Next, the parsed data needs to be converted into a structured format, such as a table with rows and columns, through a multistep process that begins with removing HTML tags from the text using Beautiful Soup. Thereafter, you need to create an empty list and then attach each row of text to the newly created empty list. Next, convert the list into a data frame using two Python libraries, namely Pandas and NumPy, and subsequently, save the data as a .csv file.

Notably, in Jupyter Notebooks, the result of each line, block, or paragraph is visible after running it and doesn’t disappear with the run of the following line, block, or paragraph.

Is Jupyter Notebook good for web scraping beginners?

As a tool that supports explanatory text, coding, code execution, and visualization of the output, Jupyter Notebook is a handy tool for beginners. The fact that it enables the user to see everything provides an environment that promotes experimentation and the ability to try out different codes, as well as running sections of the code independently. These functional elements make the Python Jupyter Notebook extremely useful for beginners as it builds on their knowledge and promotes digital literacy.

Jupyter Notebook is a handy tool for beginners

What is a Jupyter Notebook not suitable for?

While the Jupyter Notebook is perfect for novices and beginners, it’s usually a struggle for seasoned developers and data scientists. Its deficiencies also trickle down to its various use cases.

While we have mentioned that it promotes collaboration, it only does so in a limited capacity. By that, we mean that you have to save the Jupyter Notebook files and send them to another developer. Further, two people cannot work on the same notebook simultaneously. If two individuals are inputting code at the same time, Jupyter Notebook cannot successfully merge the codes.

Secondly, you cannot conduct unit testing on Jupyter Notebook. This means that it’s nearly impossible to find bugs within a few lines of code. Testing code on this platform requires you to wrap up the entire code and then run the test. Even so, successful execution is not guaranteed as it may fail halfway due to the errors within the code.

If we delve deeper, specifically to web scraping, the Jupyter Notebook should only be used to extract small volumes of data, practice, or code testing purposes.

Jupyter Notebook displays the results of each line, block, or paragraph.
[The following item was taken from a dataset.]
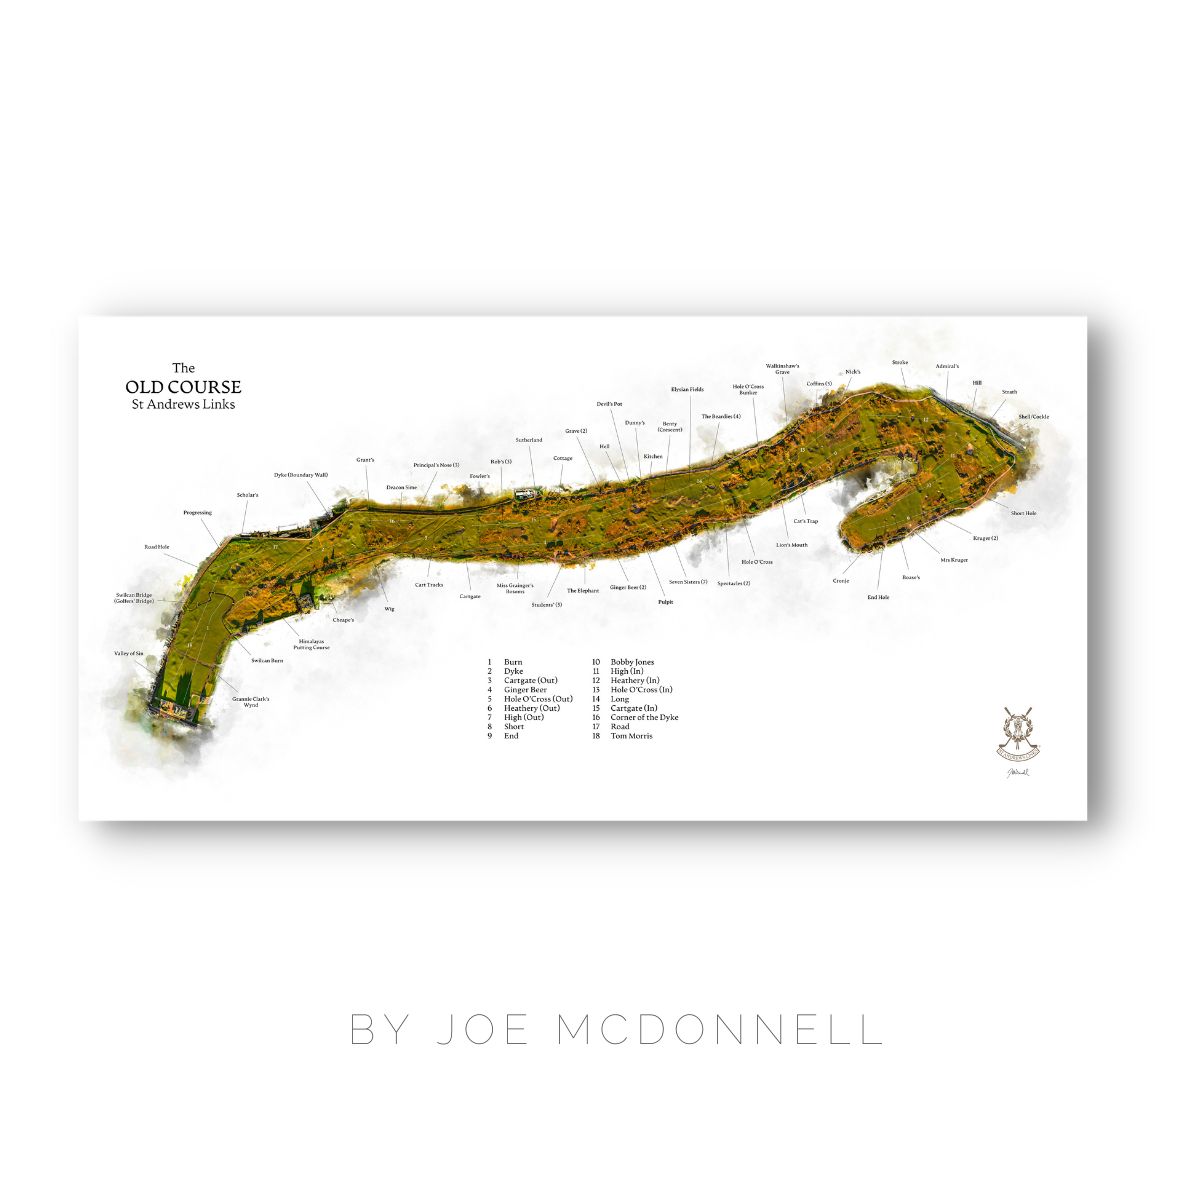 NAMED FEATURES OF THE OLD COURSE PRINT BY JOE MCDONNELL

When scraping on a large scale, there are many results, meaning that it can slow down the whole web scraping process. The larger the scale of web scraping, the more important efficiency is. Running optimized code would make much more sense once the initial discovery phase has been completed in Jupyter. Though it’s quite likely that such code won’t work with it, and you would have to stop using Jupyter at this point.

A larger web scraping project also requires more developers to work with it. As mentioned above, two or more developers cannot work on the same notebook simultaneously. Instead, developers have to save the Jupyter Notebook files and send them to another developer. This process seems inefficient, so using a Jupyter Notebook for large-scale web scraping projects isn’t worth the effort.

Conclusion

Jupyter Notebook is a proven and useful tool for creating a notebook environment wherein you can include comments, code, execute the code, and also see the outcome of the written code within the same platform. These features make Jupyter Notebook interactive, an attribute that makes it a valuable tool for beginners. It also facilitates collaboration but to a limited extent. While Jupyter Notebook can be used in web scraping, it’s only recommended for small-scale projects.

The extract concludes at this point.